На этих кладбищах лежат те, кто не умер в лагерном бараке, не был растерзан собаками, а бежал из плена — чаще всего при помощи итальянских партизан, остался с ними воевать[31], пил вино и ел, обжигаясь, горячие макароны, пел «Белла чао», поднимаясь в гору, и прожил жизнь — или, скорее всего, лишь несколько месяцев — под этим холодным горным ветром, под этим высоким синим небом.
В одном из таких отрядов воевал Герой Советского Союза Федор Полетаев, награжденный в Италии высшей военной наградой — Золотой медалью «За воинскую доблесть». Его настоящее имя стало известно годы спустя после войны, а итальянские товарищи называли его «Поэтан», и именно под этим именем он фигурирует в хронике Сопротивления. В Генуе Полетаеву установлен памятник, вокруг него сгруппированы два десятка могил, среди которых можно найти много славянских имен, но мало фамилий. Часто единственным, что было известно о партизане, было его «номе ди баталия» — «боевое имя». Последнего партизана, дожившего до наших дней и неизменно участвующего в возложении цветов, звали Тоскано (что значит «тосканец»); другой недавно умерший партизан, оставивший книгу воспоминаний о Федоре Полетаеве, гордо носил имя Татьяно, взятое в честь русской девушки Татьяны, которая спасла ему жизнь в далекой России.

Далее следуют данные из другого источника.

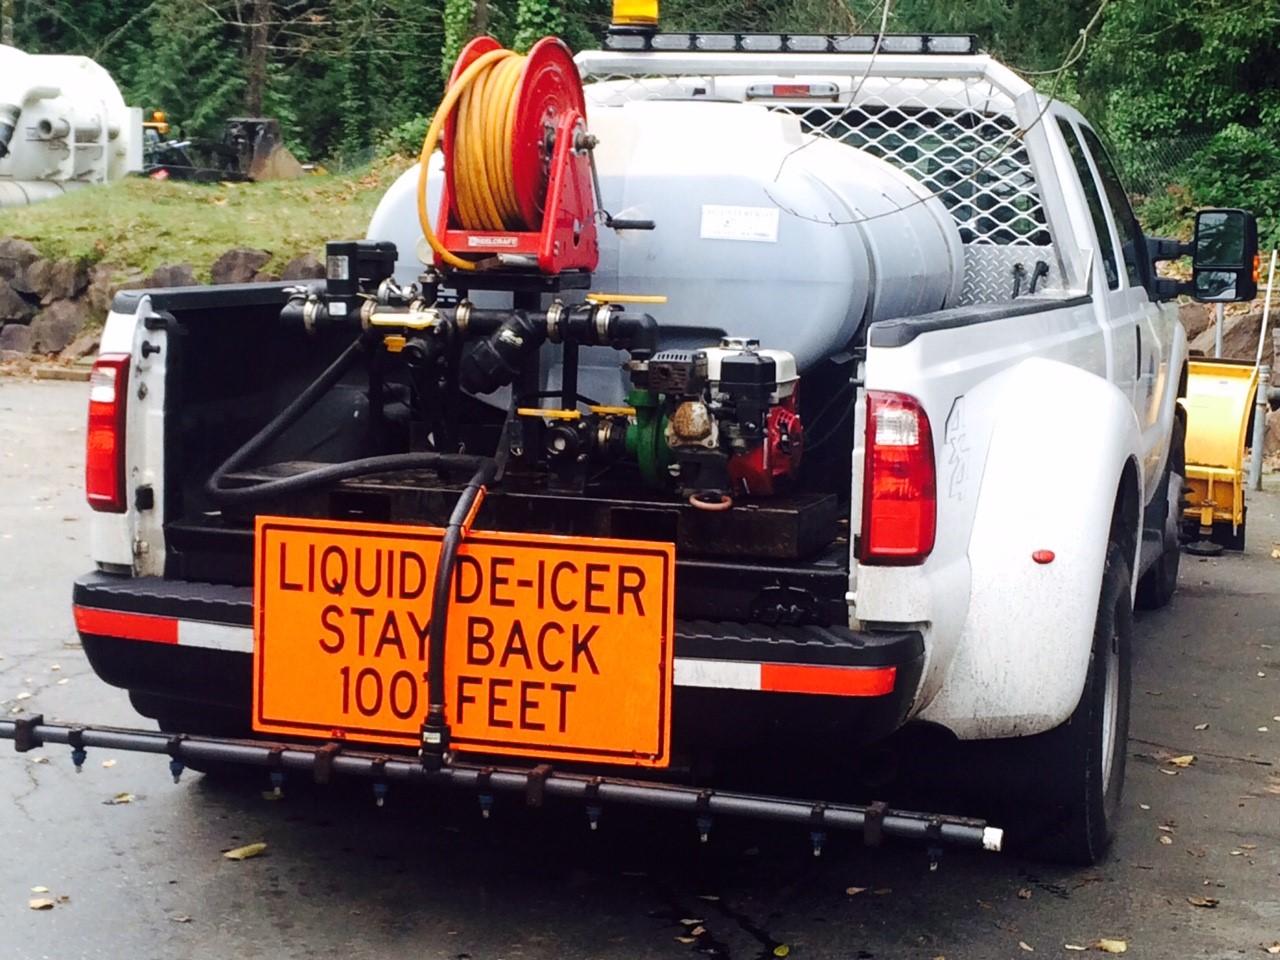 Deicer Truck

(И не ему одному — немало их, попавших в плен или раненых, голодных, холодных, не понимающих, как они здесь оказались, было спасено в Дебальцево, Горловке, Кантемировке или Россоши…)
На правом берегу Дона еще можно найти деревни, где помнят итальянцев.
— Итальянец? — спросил старый-престарый дед у Сандро, когда я впервые привезла его на дачу к другу в село Костенки Воронежской области.
— Sì, — несколько настороженно ответил Сандро; живущие вдоль Дона не все обязательно казаки, но вид у них всё равно несколько устрашающий.
— Ну, коль итальянец, подь со мной. Идем-идем, не боись.
Сандро пооглядывался на моих друзей, но те только весело поднимали брови — мол, такой сосед, они тут все такие. Сандро пошел вслед за дедом. Дед, пригибаясь к земле и опираясь на сучковатую палку, быстро перебирал ногами, и я с некоторым трудом поспевала за ними. На высокий берег Дона мы вышли, слегка запыхавшись. Дед уже ждал нас, победно воткнув клюку в землю.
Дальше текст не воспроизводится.